A flexible data-driven framework for identifying clinical phenotypes using latent class and profile analysis
PhenoCluster is a Python framework for unsupervised discovery of clinical phenotypes from heterogeneous patient data. It implements an end-to-end pipeline: from data preprocessing and latent class identification to outcome association analysis, survival modelling, and multistate transition modelling.
The framework is domain-agnostic and can be applied to any clinical cohort study where the goal is to identify latent patient subgroups and characterise their relationship with clinical outcomes. Users supply a dataset and a YAML configuration file; PhenoCluster handles model selection, phenotype assignment, and downstream inference automatically.

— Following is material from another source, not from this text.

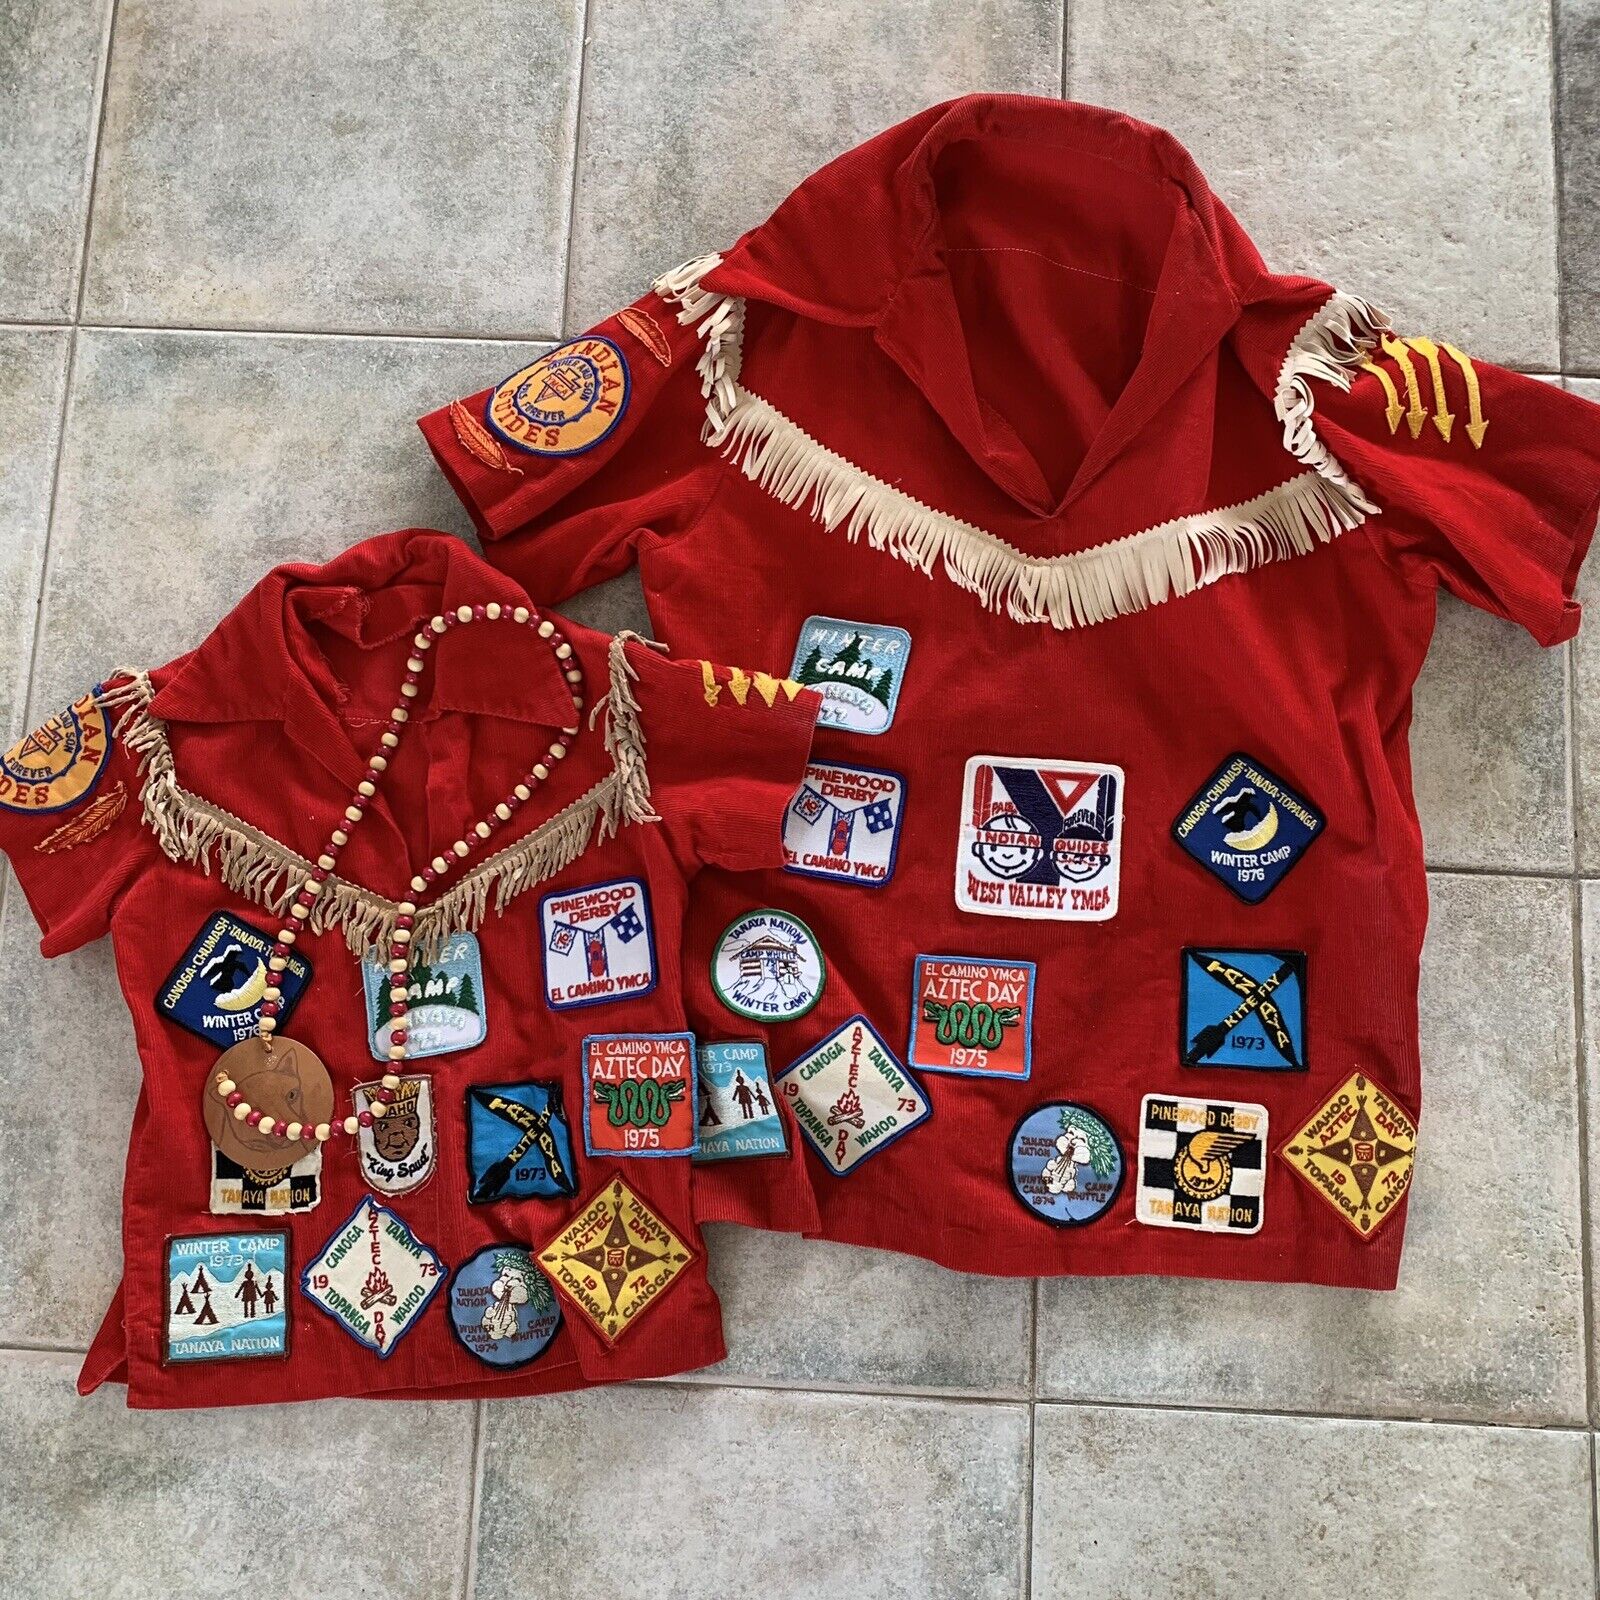 Vintage Fathers And Sons Camp Red Uniform With Patches, Y-Indian Guides YMCA 70s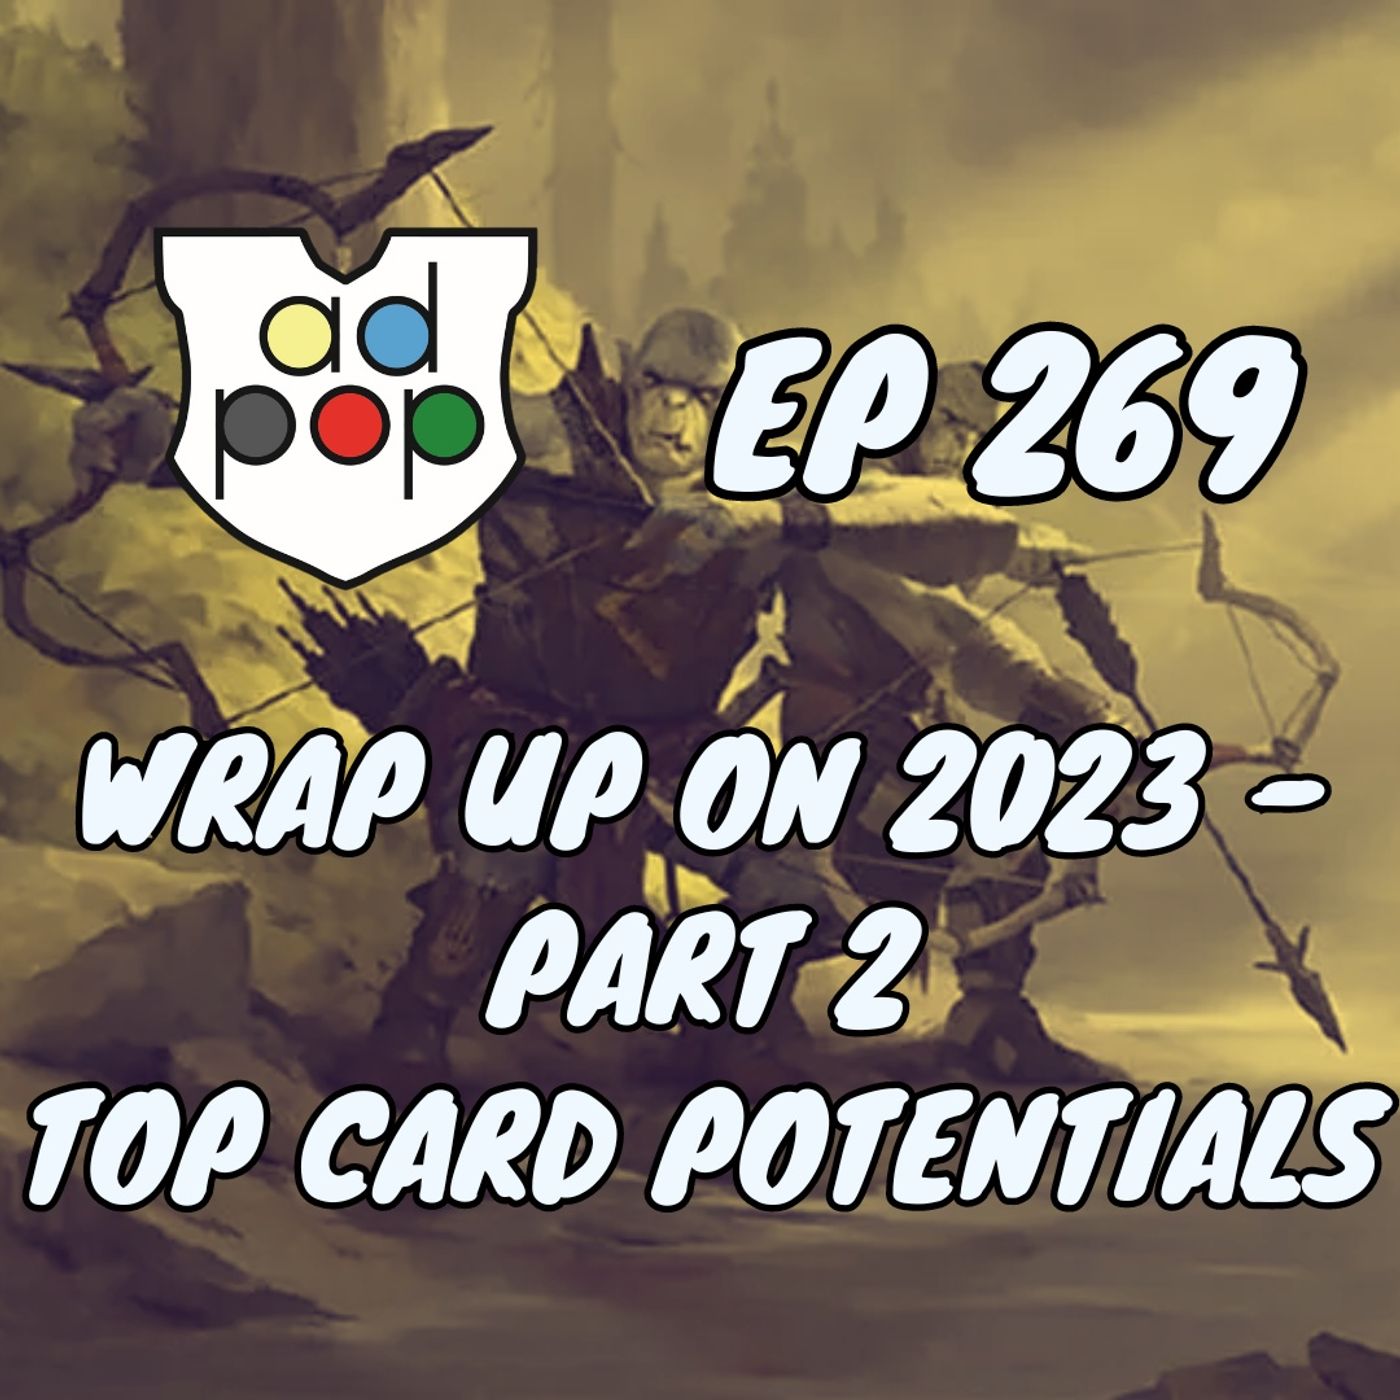 Commander ad Populum, Ep 269 - We Wrap Up On 2023 - Part 2

- Latent Class / Profile Analysis via the StepMix framework with native support for mixed continuous/categorical data and missing values
- Automatic model selection using information criteria (BIC, AIC, ICL, CAIC, SABIC) with configurable cluster-size constraints
- Classification quality assessment with per-phenotype Average Posterior Probability (AvePP) and assignment confidence metrics
- Outcome association analysis with logistic regression yielding odds ratios, confidence intervals, and FDR-corrected p-values
- Survival analysis with Cox proportional hazards models producing hazard ratios and log-rank tests
- Multistate modelling with transition-specific Cox PH analysis, Monte Carlo simulation for state occupation probabilities with confidence interval bands, and clinical pathway enumeration
- Comprehensive output including an interactive HTML report, forest plots with confidence intervals, Kaplan-Meier and Nelson-Aalen curves, heatmaps, and JSON/CSV data exports
Requires Python ≥ 3.11
pip install phenoclustergit clone https://github.com/EttoreRocchi/phenocluster.git
cd phenocluster
pip install -e ".[dev]"phenocluster create-config -p complete -o config.yamlOpen config.yaml and fill in your dataset-specific parameters:
global:
project_name: "My Study"
output_dir: "results"
random_state: 42
data:
continuous_columns:
- age
- bmi
- lab_value_1
categorical_columns:
- sex
- smoking_status
- disease_stage
split:
test_size: 0.2
outcome:
enabled: true
outcome_columns:
- mortality_30d
- readmission_30d
survival:
enabled: true
targets:
- name: "overall_survival"
time_column: "time_to_death"
event_column: "death_indicator"phenocluster run -d data.csv -c config.yamlResults are written to the output directory (default: results/):
| File | Description |
|---|---|
analysis_report.html |
Comprehensive HTML report with all results and visualisations |
cluster_statistics.json |
Phenotype sizes, feature distributions, and classification quality |
outcome_results.json |
Odds ratios with confidence intervals and p-values |
survival_results.json |
Kaplan-Meier estimates and Cox PH hazard ratios |
multistate_results.json |
Transition-specific hazard ratios, pathways, and state occupation |
data/model_fit_metrics.csv |
Information criteria, entropy, and average posterior probabilities |
data/phenotypes_data.csv |
Original data augmented with phenotype assignments |
data/posterior_probabilities.csv |
Posterior class membership probabilities |
results/model_selection_summary.json |
Model selection comparison table and best model info |
results/feature_importance.json |
Feature characterisation per phenotype |
results/validation_report.json |
Internal validation metrics (train/test comparison) |
results/stability_results.json |
Consensus clustering stability metrics |
results/split_info.json |
Train/test split details |
results/external_validation_results.json |
External validation results (when enabled) |
phenocluster.log |
Pipeline execution log |
artifacts/ |
Cached intermediate results for incremental re-runs |
PhenoCluster executes the following stages in order:
- Data quality assessment. Missingness patterns, correlations, variance, and MCAR testing.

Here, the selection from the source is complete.